This scenario plays out thousands of times daily across the industry. Developers wait while operations teams become bottlenecks. Security gets cut corners because proper configuration is hard. Shadow IT emerges as frustrated developers spin up resources outside approved channels. Everyone loses.

Platform engineering offers a different path: build self-service infrastructure where doing the right thing is the easy thing. Instead of tickets and wait times, developers get a catalog of pre-approved, secure components they can provision themselves. Instead of copy-pasted configs that drift from security standards, they get golden paths—opinionated templates where security is built in from the start.

The Platform Engineering Revolution

Platform engineering emerged from a simple observation: the DevOps promise of "you build it, you run it" created cognitive overload. Developers are excellent at writing business logic. Expecting them to also be experts in Kubernetes, Terraform, observability, security, and compliance is unrealistic. The result was either teams that moved slowly while learning infrastructure, or teams that moved fast while cutting corners.

An Internal Developer Platform (IDP) solves this by providing a product-like experience for infrastructure. Think of it as the "Amazon shopping experience" for development resources: a curated catalog of products (infrastructure components), one-click provisioning, and standardized delivery (deployment pipelines)—all with guardrails that prevent unsafe choices.

The key insight is that abstraction is not about hiding complexity—it's about encoding expertise. When your platform team configures a database template, they embed decisions about encryption, backup retention, network isolation, and access patterns. Developers consuming that template get all those decisions for free, without needing to understand them.

Golden Paths: The Secure Way is the Easy Way

Golden paths are the core concept in platform engineering. They're not restrictions—they're paved roads. Just as a highway gets you to your destination faster than bushwhacking through the wilderness, golden paths get developers to production faster than ad-hoc configuration.

Consider the difference between these two experiences:

Without golden paths: A developer wants to create a new service. They look at an existing service's repository, copy files they think are relevant, modify them based on half-remembered conversations, open PRs to infrastructure repos they don't fully understand, wait for reviews from overloaded platform engineers, fix issues found in review, deploy to staging, discover they forgot to configure logging, fix that, redeploy, discover the service can't connect to the database because security groups are wrong, file a ticket, wait...

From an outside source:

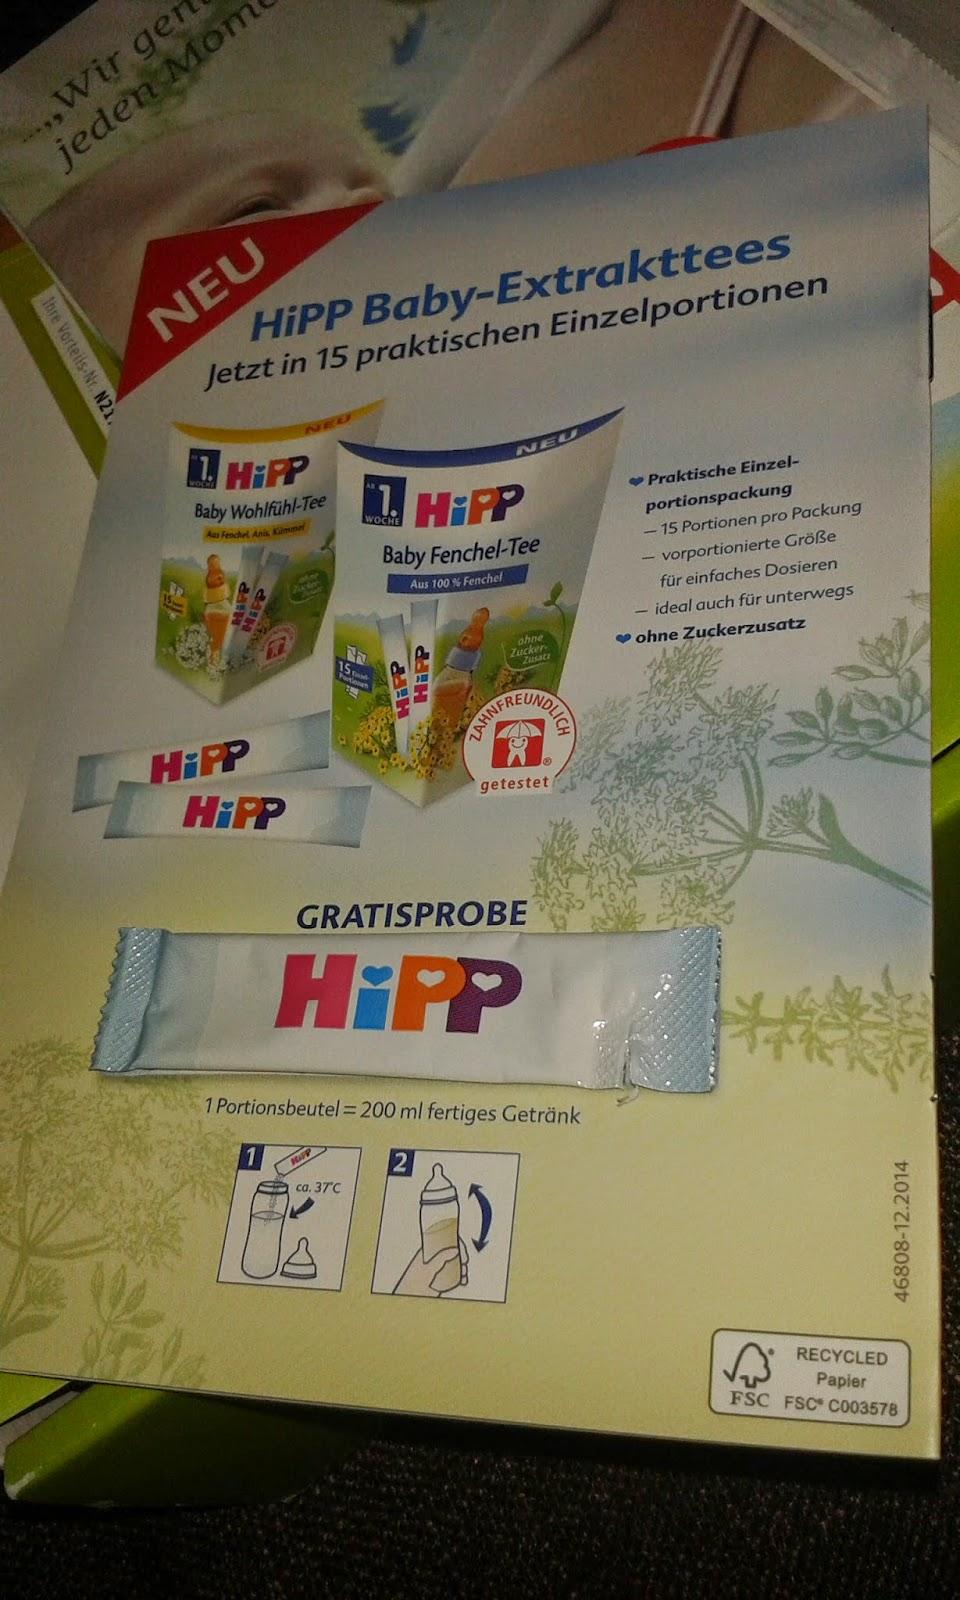 hipp commerzbank gutschein

With golden paths: A developer opens the developer portal, clicks "Create New Service," fills in a form (service name, team owner, data classification), and clicks submit. Three minutes later, they have a repository with a working CI/CD pipeline, a Kubernetes namespace with appropriate resource limits, network policies configured, security scanning enabled, logging integrated, and documentation automatically generated. They write their business logic and deploy.

The magic is that the second approach isn't just faster—it's also more secure. Every security control is built into the template. Developers can't forget to enable encryption because the template doesn't allow unencrypted options.

Building a Secure Service Template with Backstage

Backstage, originally developed at Spotify, has become the de facto standard for developer portals. Its templating system lets you define golden paths that generate entire project scaffolds with a few form inputs.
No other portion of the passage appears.